==== Provided data

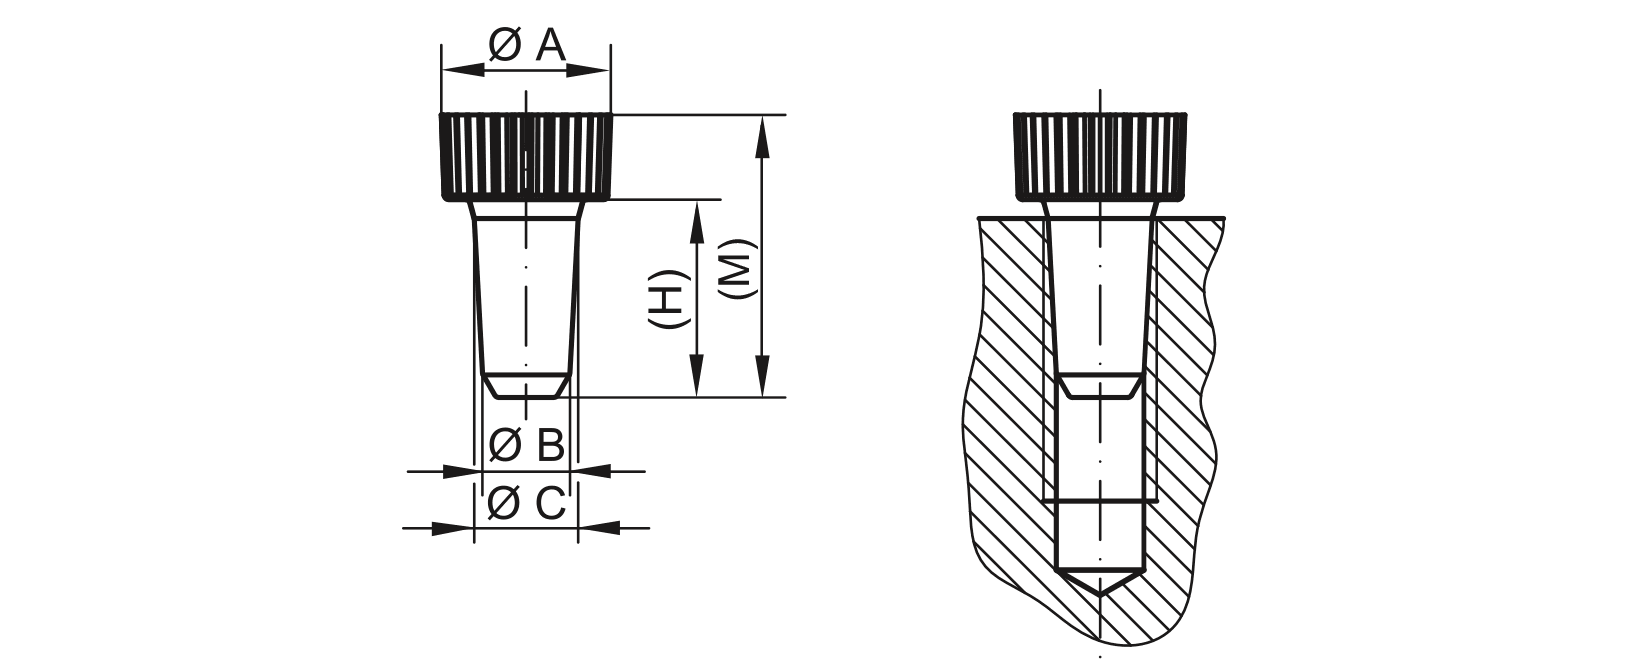 Elementos de inserción de dibujo - GPN 551
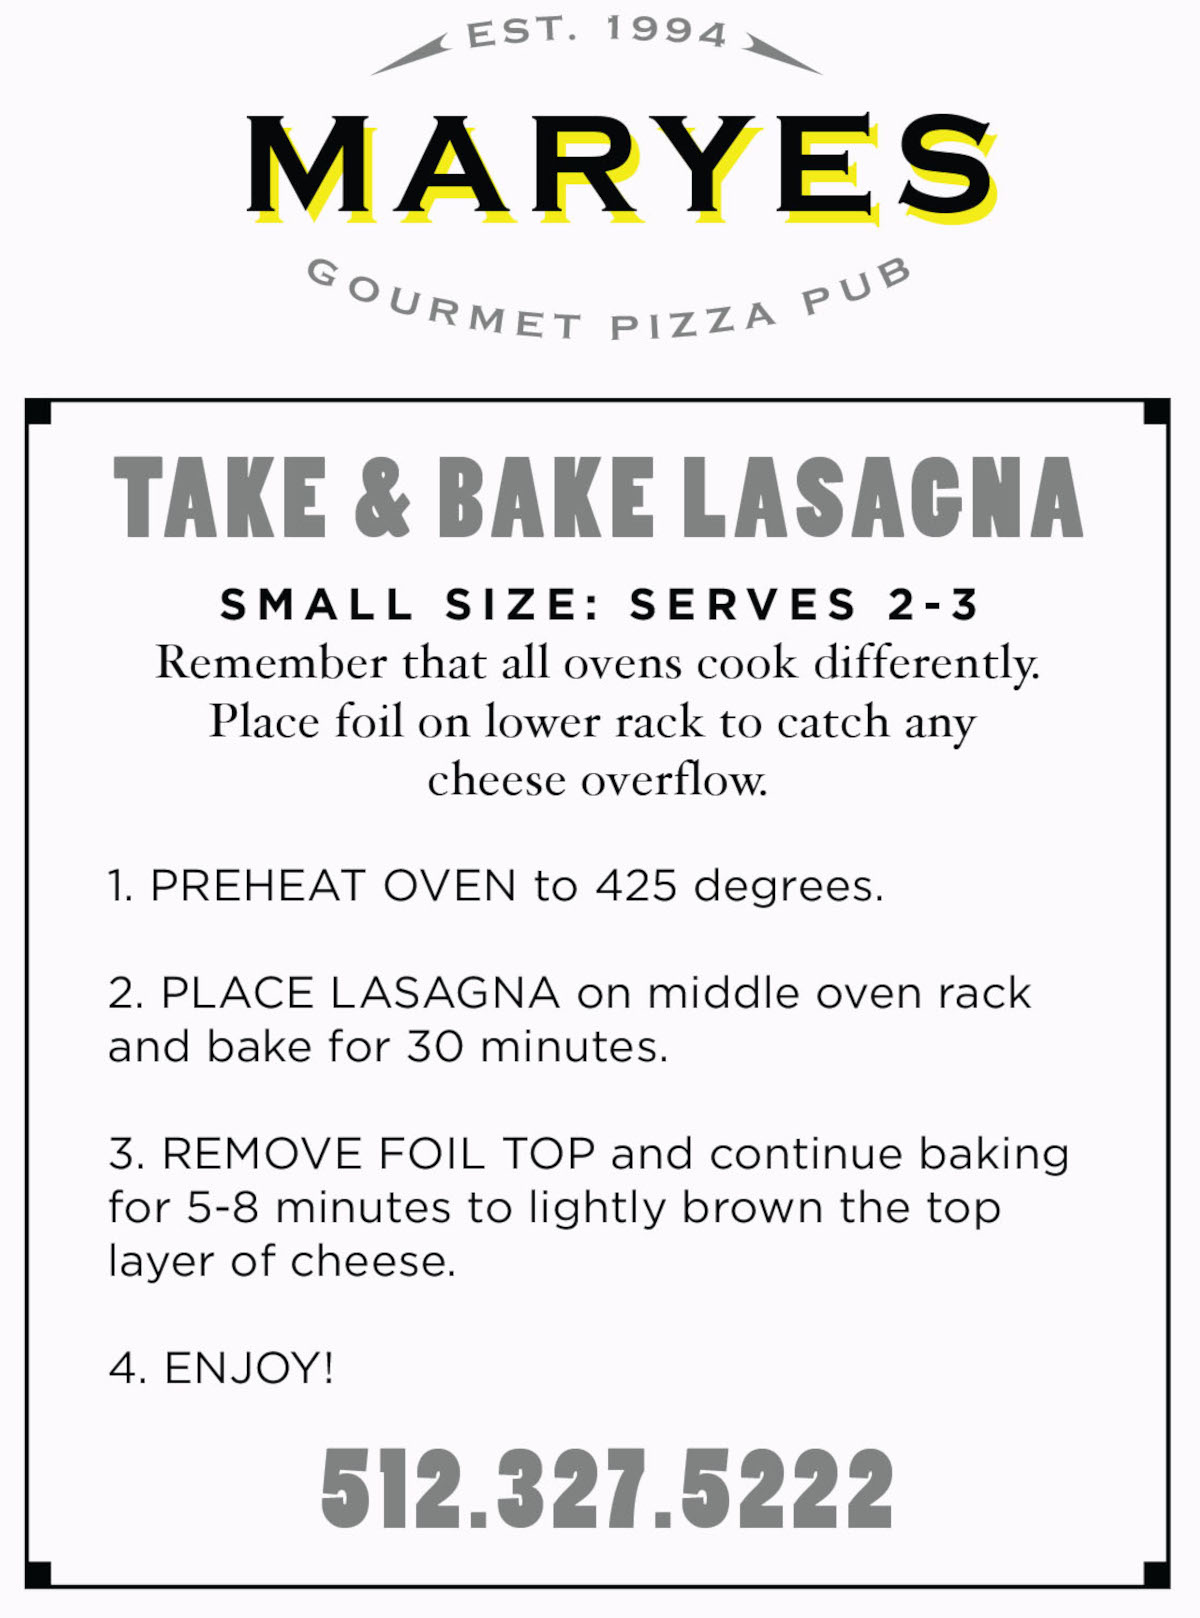 Take & Bake Lasagna Small
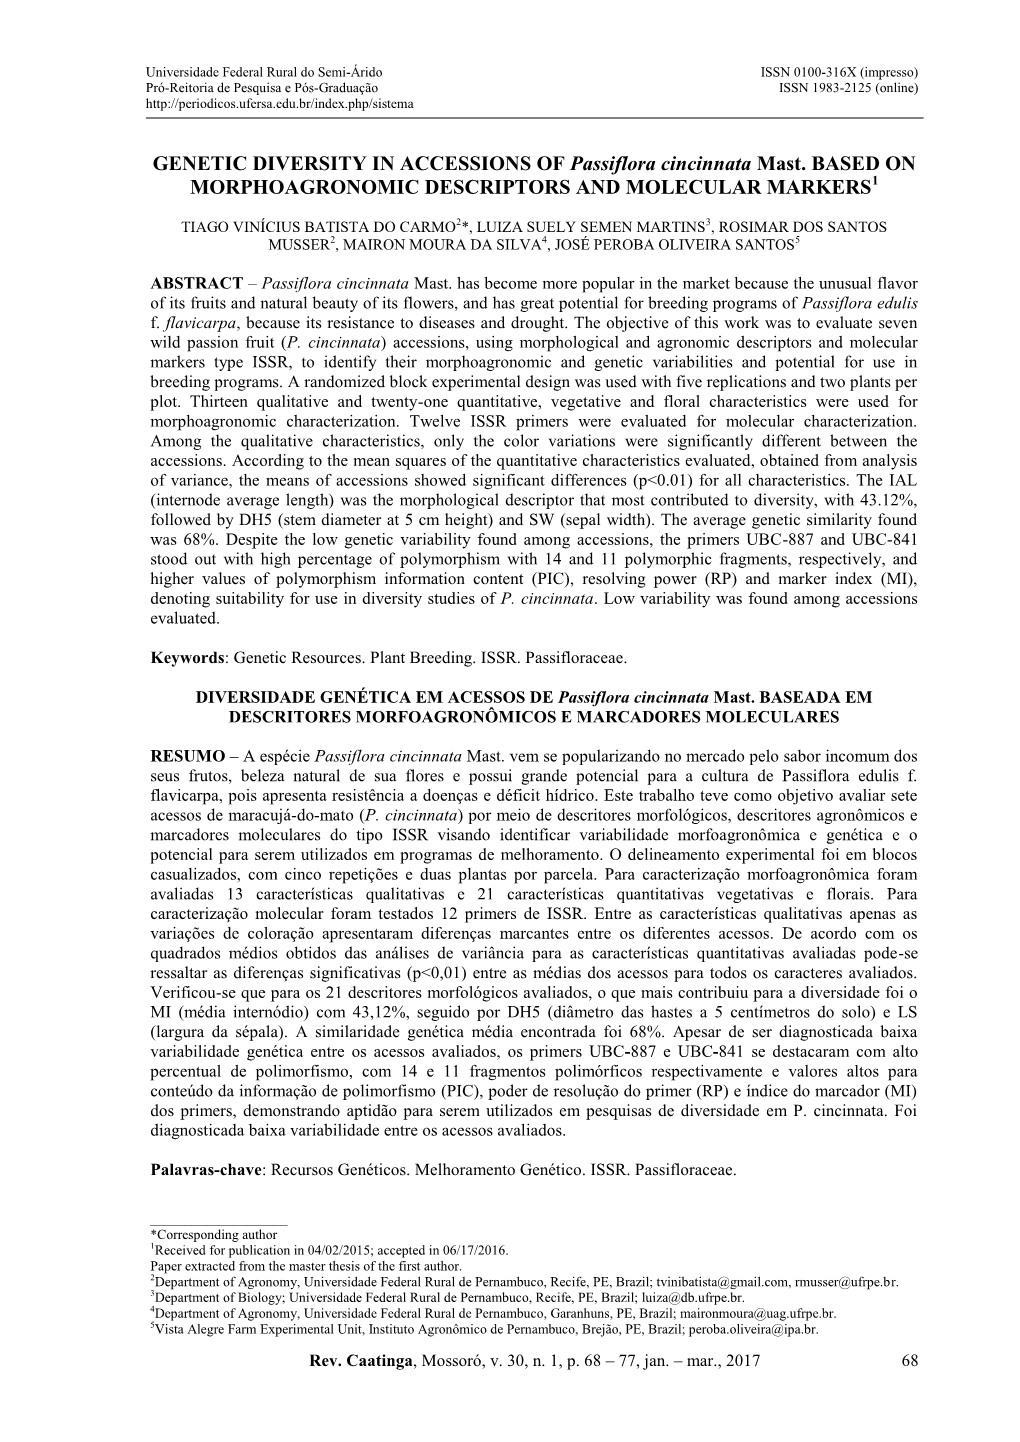 GENETIC DIVERSITY in ACCESSIONS of Passiflora Cincinnata Mast
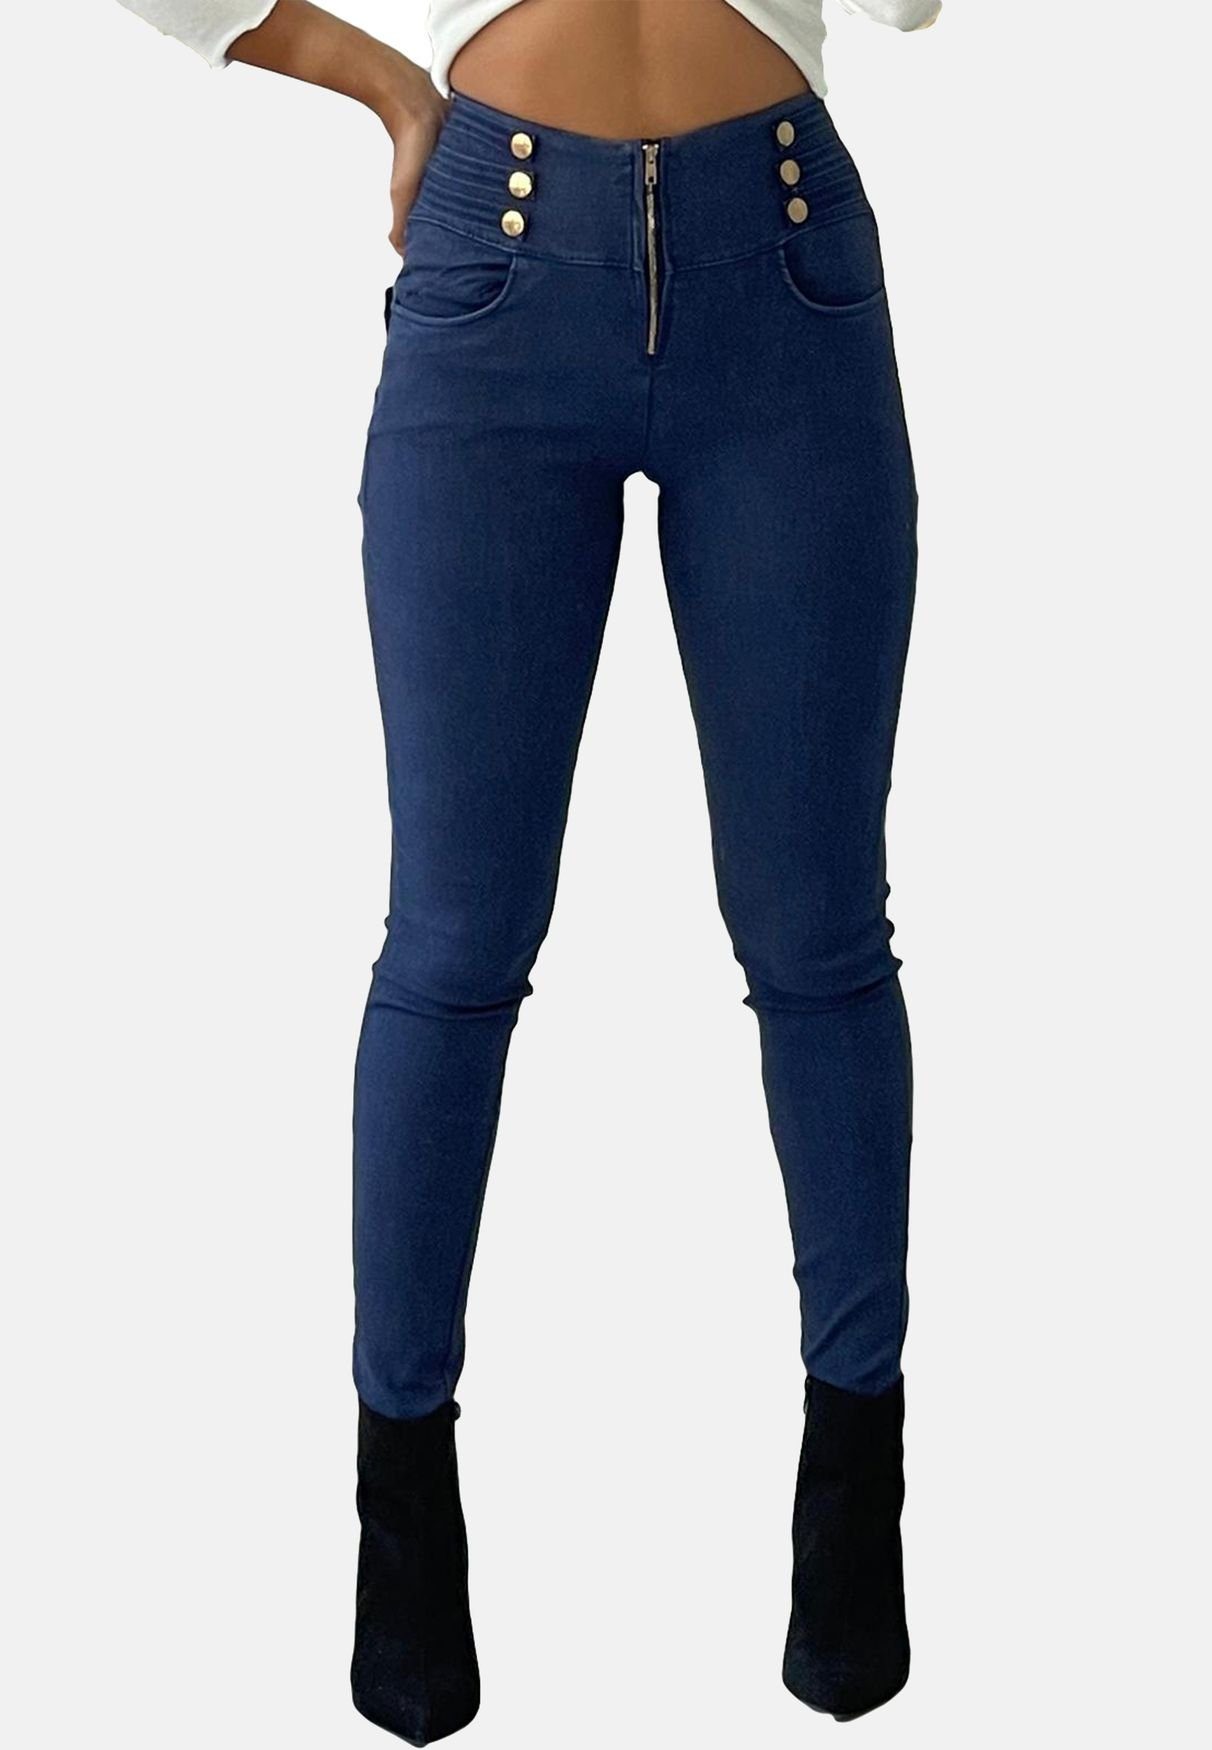 OYSOHE Damen 3D Jeans Leggings Elastische Taille Skinny Freizeithosen Hohe Taille Stretchhose S-XL

========

**Exercise prompt**
Only the pictures may be dropped when you copy the data above; everything else stays exact.

**Written response**
 Elementos de inserción de dibujo - GPN 551
 Take & Bake Lasagna Small
 GENETIC DIVERSITY in ACCESSIONS of Passiflora Cincinnata Mast
 OYSOHE Damen 3D Jeans Leggings Elastische Taille Skinny Freizeithosen Hohe Taille Stretchhose S-XL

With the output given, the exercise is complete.